Anyway, the point is that Web Workers are concurrent "process like" things that communicate through message-passing.
about:performance
Firefox has a number of about:
pages, used for diagnostics and tweaking.
about:config
is probably the most infamous (if you touch those settings
you can break your browser or make it insecure).
about:support
is interesting too it contains diagnostic information about
Firefox on your computer.
Today we’re looking at about:performance
, which is useful when you are
thinking "Firefox seems slow, I wonder why..". about:performance
will
show your busiest tabs, how much CPU time/power and memory they’re using.

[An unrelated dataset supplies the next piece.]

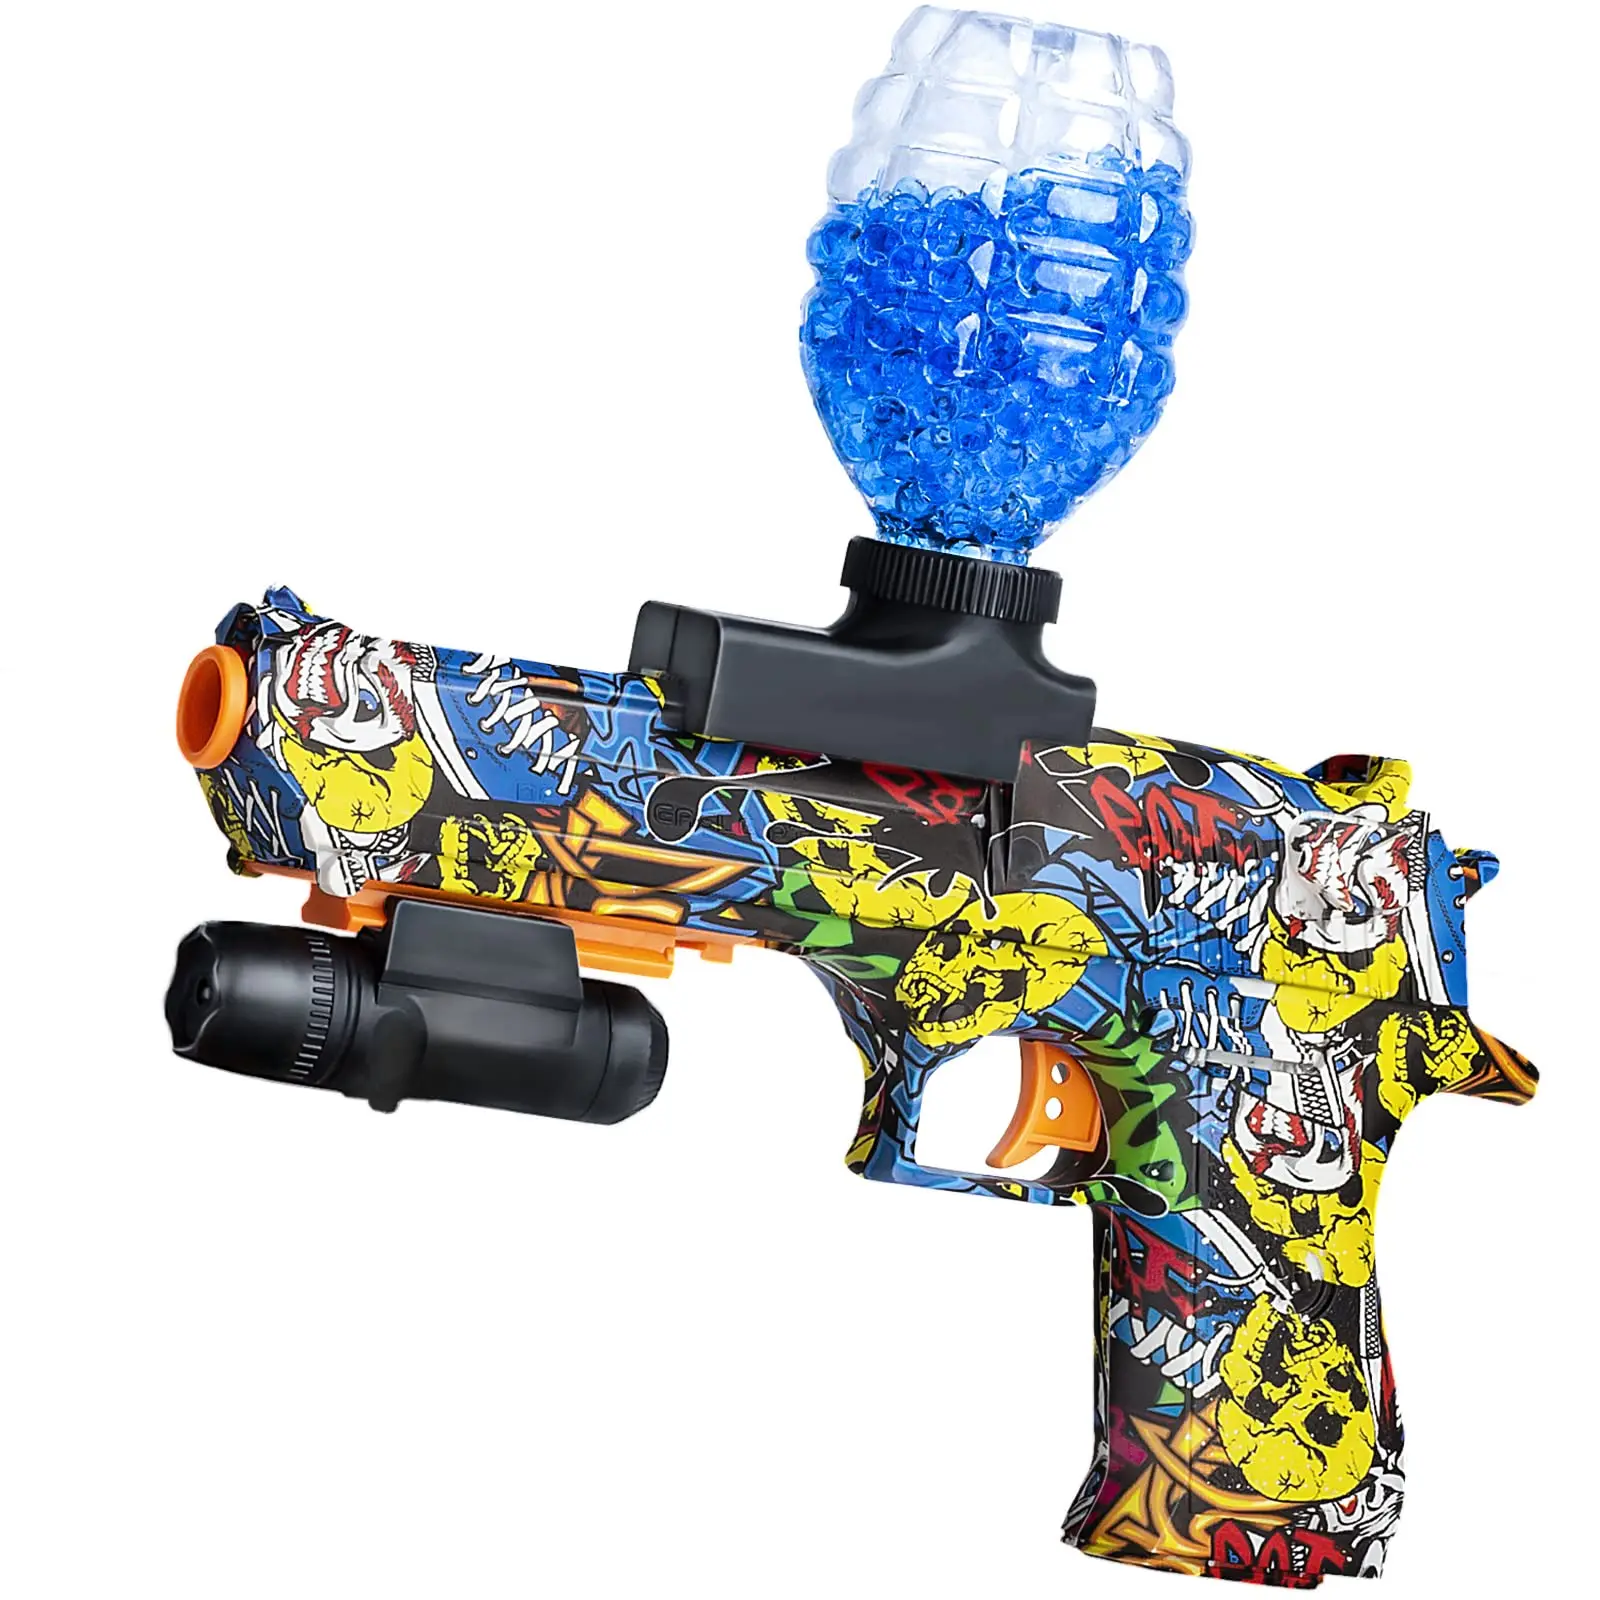 

Электрический игрушечный пистолет-брызговик из геля для игр на открытом воздухе CS, для страйкбола, экологический гелевый шар, бластер, пистолет в подарок для детей и взрослых

Measuring memory usage can be tricky at the best of times
(more on this in an upcoming article).
We can’t afford to count every allocation since that is too slow for a page
like about:performance
. Although about:memory
comes closer to doing
this.
For about:performance we can ask major subsystems how much
memory they’re using and rely on their counters.
This isn’t accurate but it’s good enough.
I noticed two major things that weren’t counted:
-
Malloc memory used by JS objects was not counted.
-
Web workers were not counted.
I fixed them in Bug 1760920.
So I wanted to write a test that would verify that we are indeed counting memory belonging to web workers.
My web worker
To make it easier to see if we’re counting a component’s memory, it’s great of our test causes that component to use a lot of memory then we can test for that.
Here’s a Web Worker that uses about 40MB of memory using an array with 4 million elements.
var big_array = []; var n = 0; onmessage = function(e) { var sum = 0; if (n == 0) { for (let i = 0; i < 4 * 1024 * 1024; i++) { big_array[i] = i * i; } } else { for (let i = 0; i < 4 * 1024 * 1024; i++) { sum += big_array[i]; big_array[i] += 1; } } self.postMessage(`Iter: ${n}, sum: ${sum}`); n++; };
It registers an onmessage
event hander. When the page sends it a message it
will execute the anonymous function.
The first time this happens the function will create the array, the next
time it will manipulate the array.
Since the array is a global and is also
captured by the handler I doubt the GC would free it.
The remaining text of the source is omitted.